Also with all the researching I'm hoping it to be less of a gamble and stab in the dark and more a well judged choice.
Umm but when do you finally give up flogging a dead horse and living in hope they will rise.......Take Tesco for instance, height of 490p, and they keep falling after one senior management or financial management error after another, today they are 160p, when would you have got out0 -
bowlhead99 wrote: »Well, you do hear about the 12-18 hour days which are stereotypical for investment bankers and you can usually rely on the big banks for at least one high profile suicide a year due to the extreme pressure and stress that the jobs can demand.
But hey, if they're not lifting bricks in the sun all day they won't be breaking a sweat, so it's probably an easy life because you can do it from a desk.
What do they do for all that effort? No minerals extracted from the ground, no crop grown, no widgets manufactured. They create money for certain, then spend eighteen hours a day writing contracts to move it around and collect a commission. What they don't create is new value in the economy.
Then, after all that work, they get it wrong on such a monumental scale that government has to step in and bail them out to the tune of £500 billion to save the real economy.
As to the stress and suicides, perhaps they could do what the rest of us are told to do when we don't like our jobs, get another one; these people are nowhere near as special as they would have you believe. Wouldn't we all have been better off if they'd worked fewer hours?0 -
The_Earl_of_Streatham wrote: »What do they do for all that effort? No minerals extracted from the ground, no crop grown, no widgets manufactured. They create money for certain, then spend eighteen hours a day writing contracts to move it around and collect a commission. What they don't create is new value in the economy.
So, we are less globally competitive in agriculture and manufacturing as we once were (there are exceptions of course), and a large part of our economy depends on the service sector including financial services.
A modern economy supporting private enterprise is not competitive without functioning capital markets. If the world hadn't already developed the way it had, I guess we could just try communism where the state owns everything and decides what jobs to give everyone and closes the borders so that international private trade isn't feasible.
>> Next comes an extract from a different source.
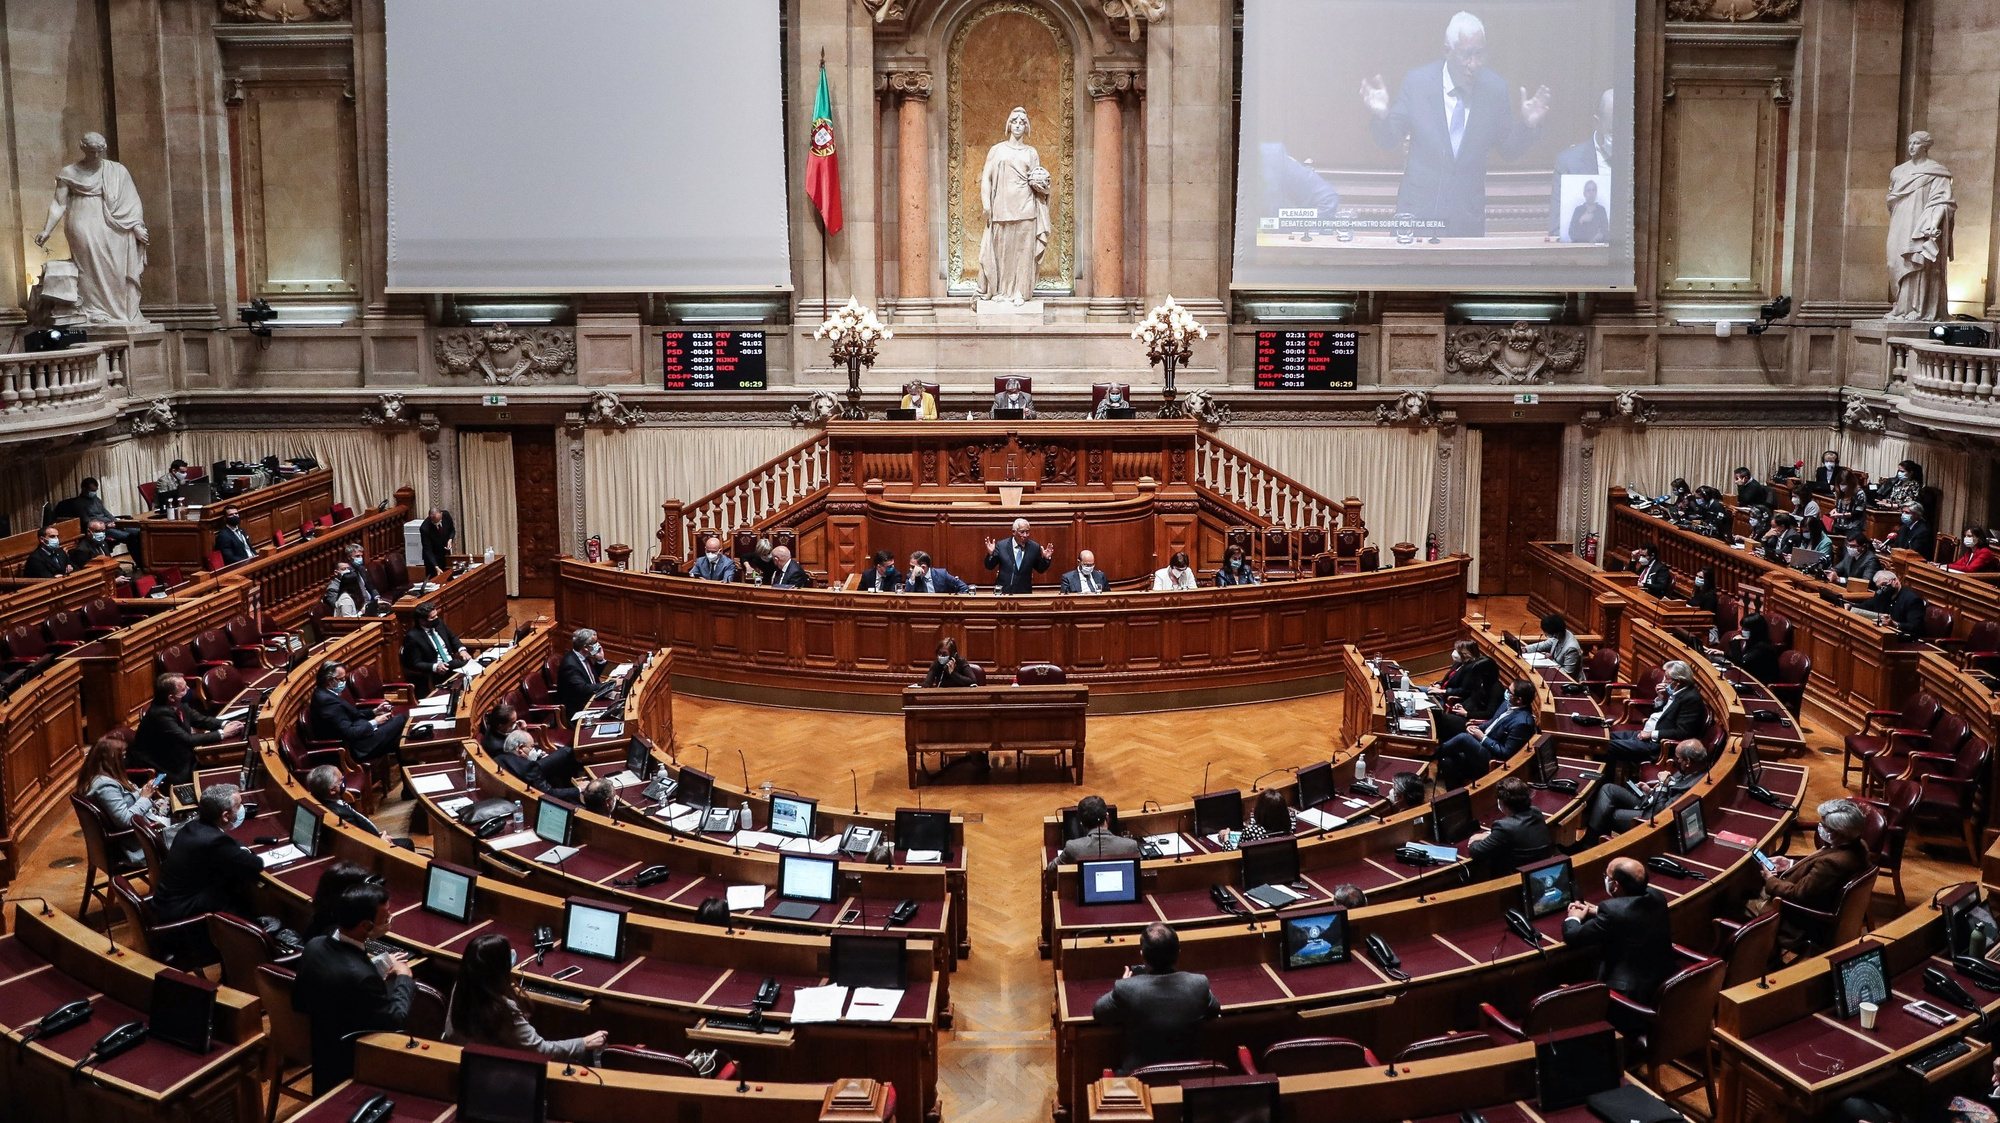 O primeiro-ministro, António Costa (C), participa no debate parlamentar sobre política geral, na Assembleia da República, em Lisboa, 17 de março de 2021. MÁRIO CRUZ/LUSA
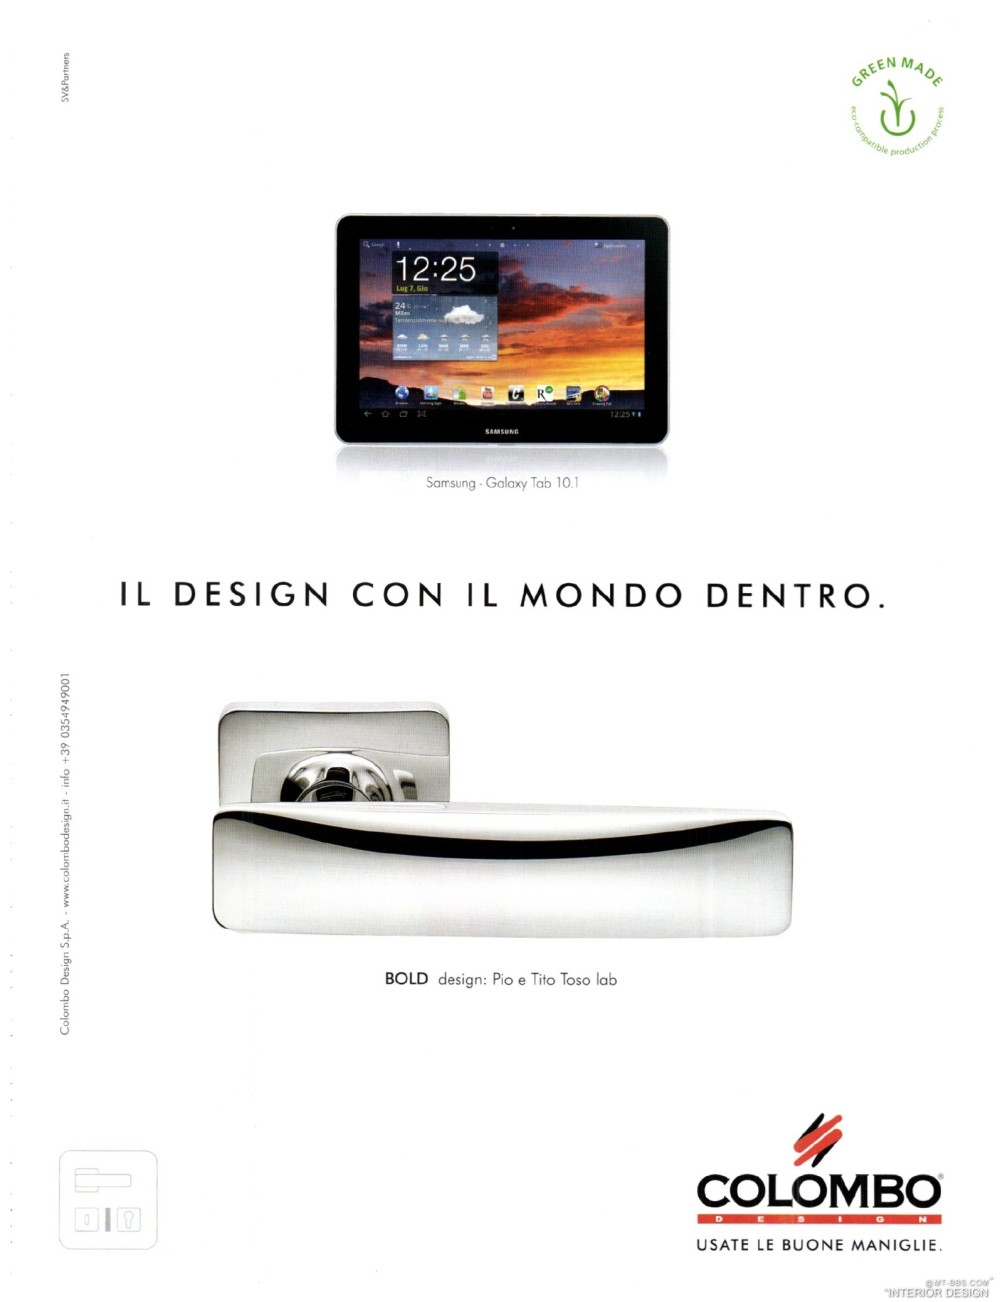 意大利AD 杂志 2012年全年JPG高清版本 全免（上传完毕）_0075.jpg

However, we're not in that situation and therefore capital markets need to exist.
You may not really understand what functions an investment bank performs in capital markets or an economy generally other than "moving money out of my hands to theirs" and therefore you characterise them as valueless or perhaps of negative value; this naivety is cute but not really excusable. Perhaps they should all just go home. Or employ more people so they could do fewer hours each, with greater total employment costs and using a wider pool of people rather than just the smart ones0 -
bowlhead99 wrote: »Well, you do hear about the 12-18 hour days which are stereotypical for investment bankers and you can usually rely on the big banks for at least one high profile suicide a year due to the extreme pressure and stress that the jobs can demand.
The suicide rate for bankers is not unusually high. The most likely professions to kill themselves in the UK are farmers, doctors, dentists and vets. In other surveys which try to rank suicide rate by profession, financial services usually does feature in the top 10, but consistently well below healthcare professionals.
The most important variable in determining a profession's suicide rate is not stress but access to the means. Hence healthcare professionals are consistently high, even vets, and coppers have a high suicide rate in the US but not in the UK (where they don't have easy access to firearms).
But the words "high profile" are of course key as the suicide of a rich banker is more likely to appear in the news than that of some lonely farmer.
Most financial services people who work 12-18 hour days do so because it's expected of them and because everyone else is doing it. It's not like doing an overtime shift at a factory. I had a financial job in which I had to burn the midnight oil occasionally, and most of it was spent sitting around, waiting for someone else who is burning the midnight oil to send you some data. It's all rather pointless, but it keeps dull people with no other interests off the streets.0 -
There is a thread regarding BBC2 program a few years ago
https://forums.moneysavingexpert.com/discussion/5067517
"Some of the people they followed were doimg better than others but overall it was estimated that only 10% of those that went into it made money consistantly."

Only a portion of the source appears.